Activity
Leave out the pictures and output exactly the lines below from the one with "DESCENTE ddd / SWING COACH JACKET (Khaki)" down to the one with "Элвис Костелло,The Attractions", both of them included.

Extracted material
**********

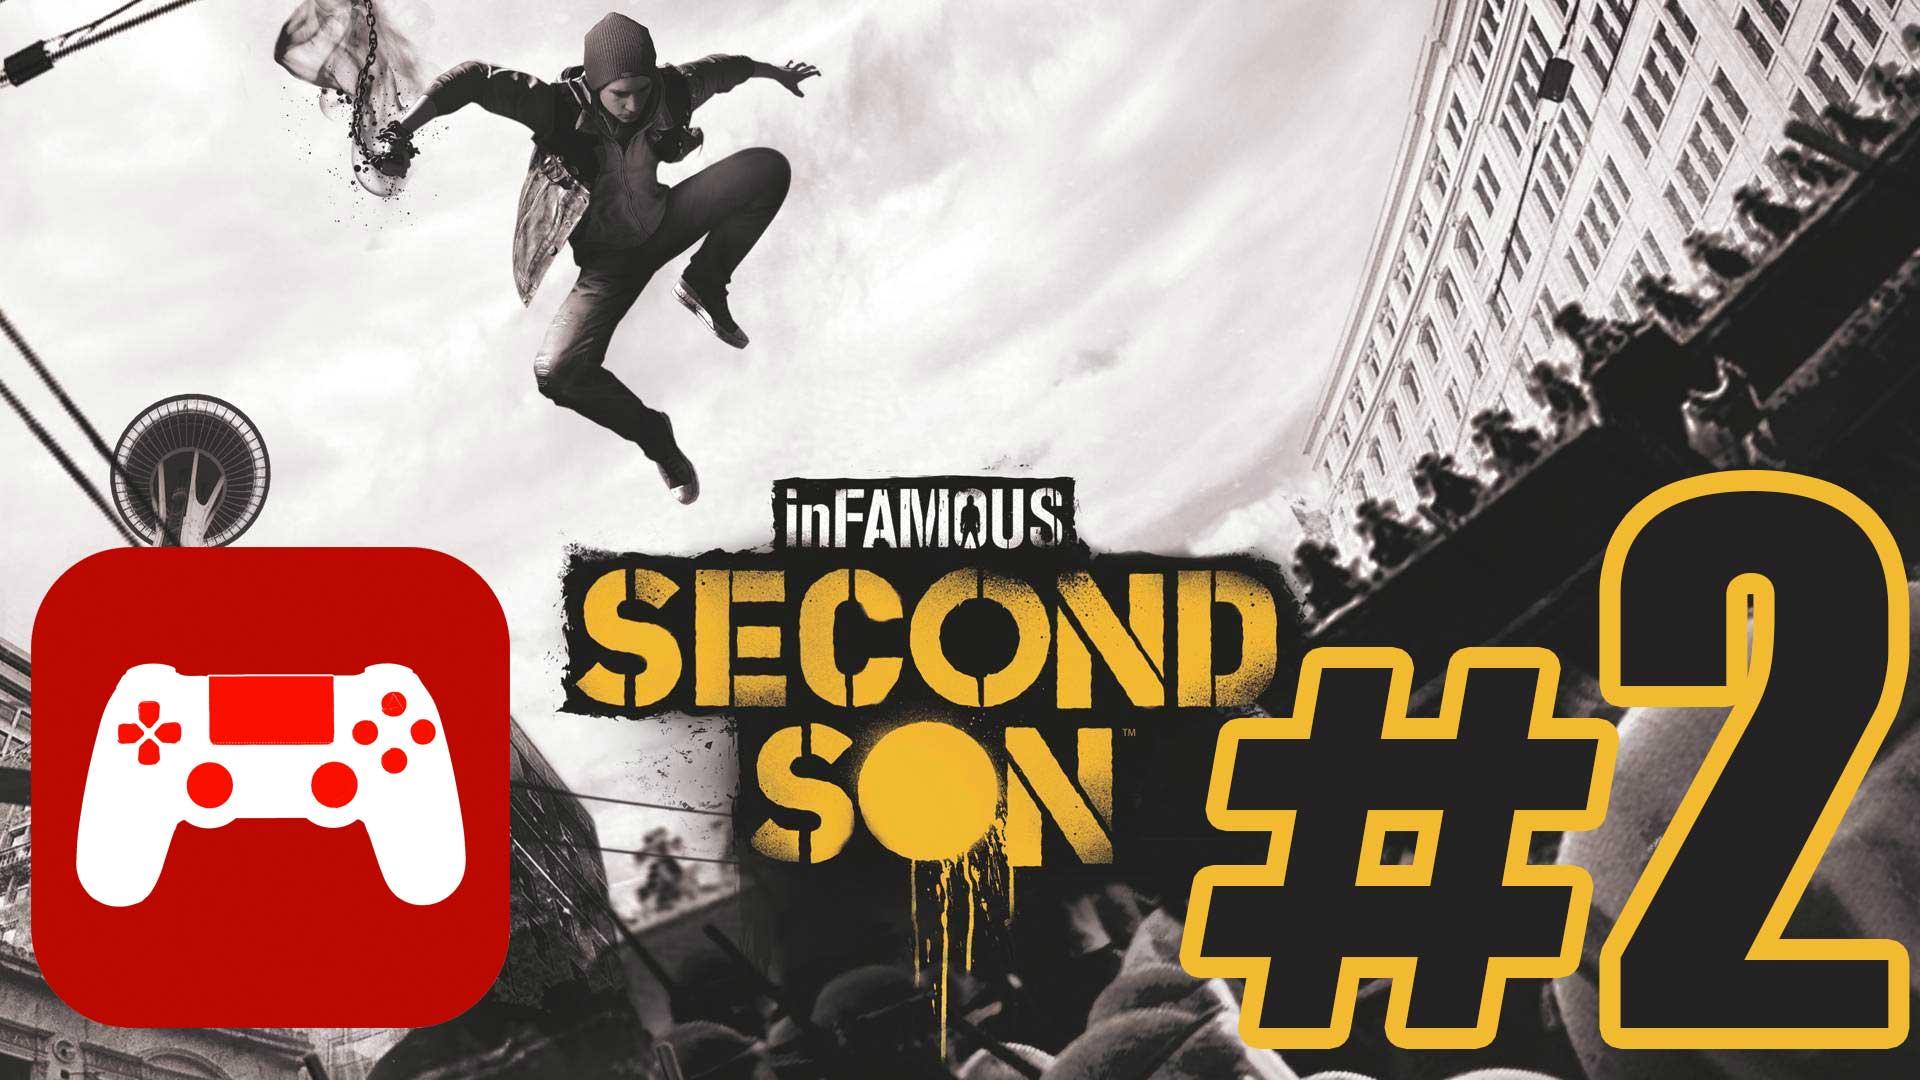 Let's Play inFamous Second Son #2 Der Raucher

**********

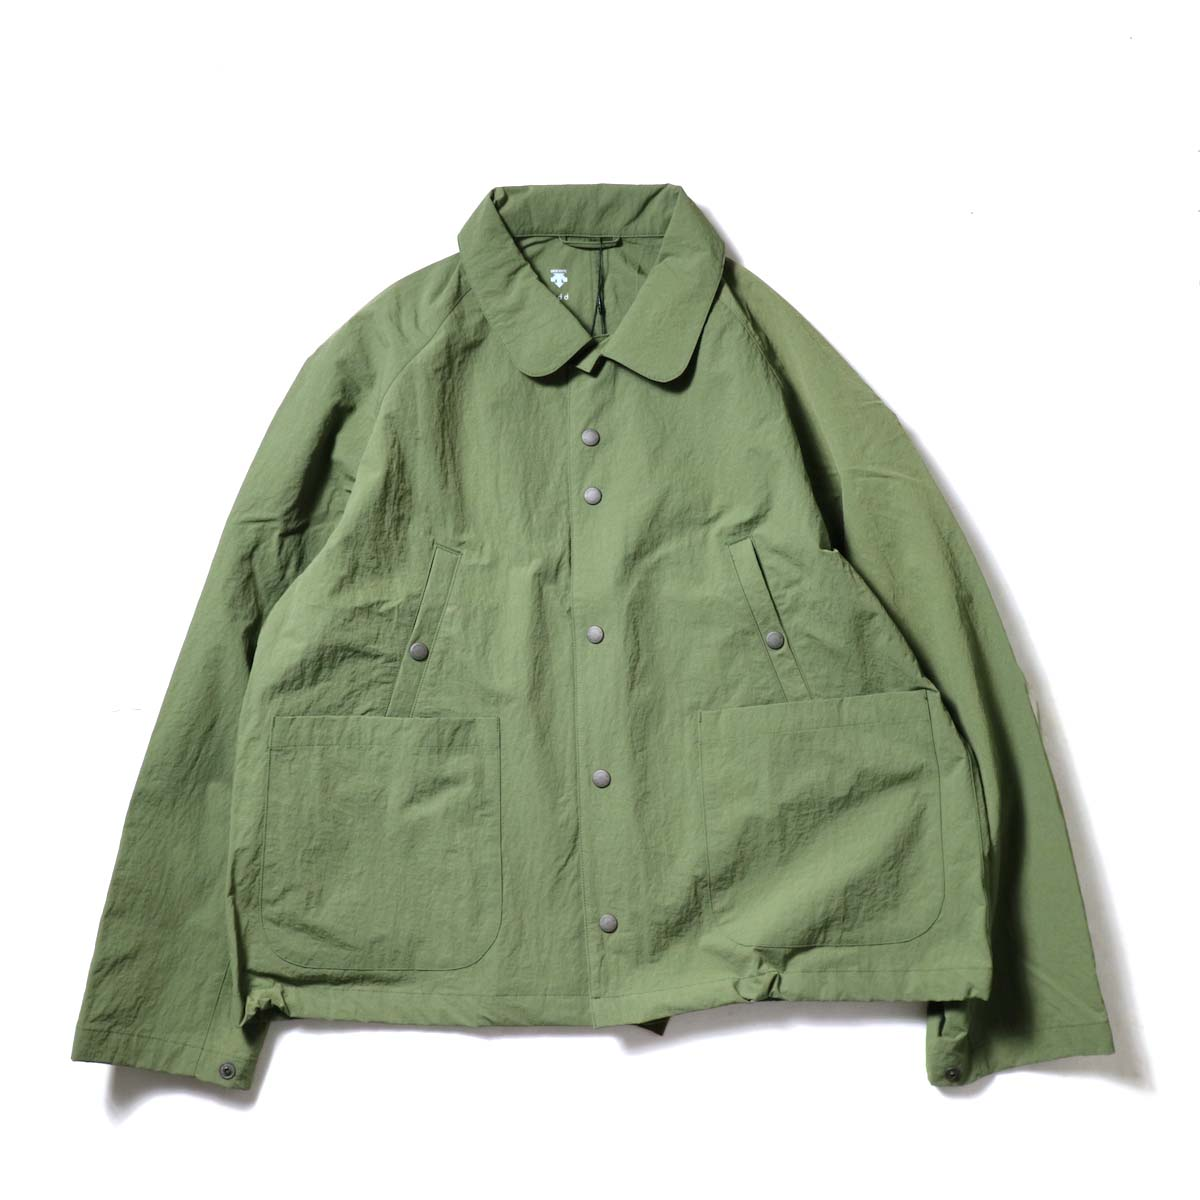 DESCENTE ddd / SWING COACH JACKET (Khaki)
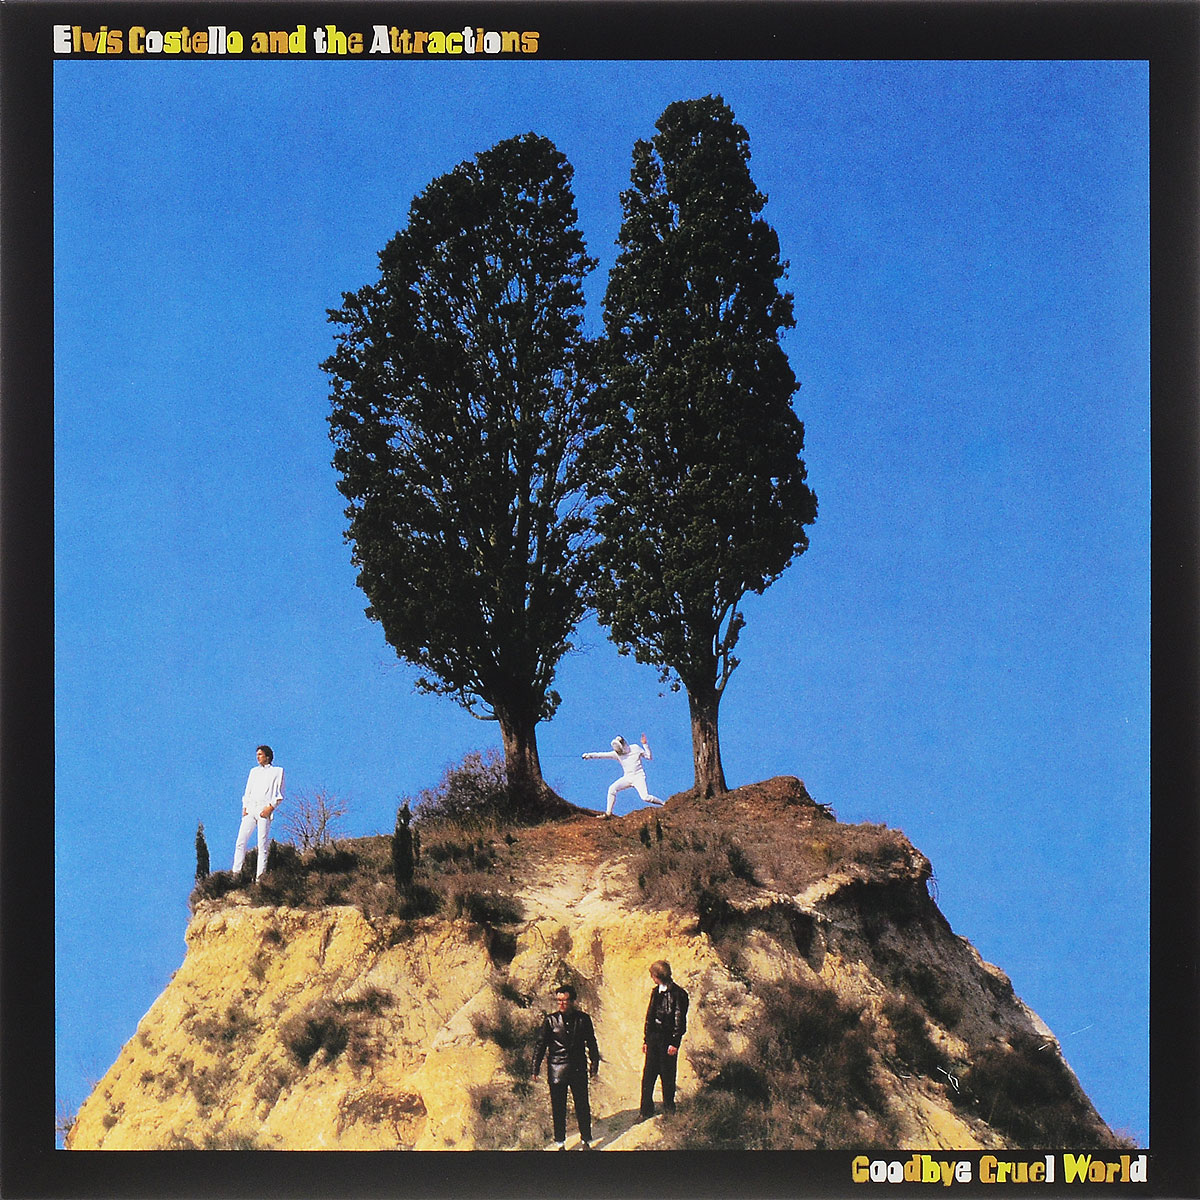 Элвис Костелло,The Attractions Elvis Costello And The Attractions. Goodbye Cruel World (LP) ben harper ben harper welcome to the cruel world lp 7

**********

Solution to the problem
 DESCENTE ddd / SWING COACH JACKET (Khaki)
 Элвис Костелло,The Attractions Elvis Costello And The Attractions. Goodbye Cruel World (LP) ben harper ben harper welcome to the cruel world lp 7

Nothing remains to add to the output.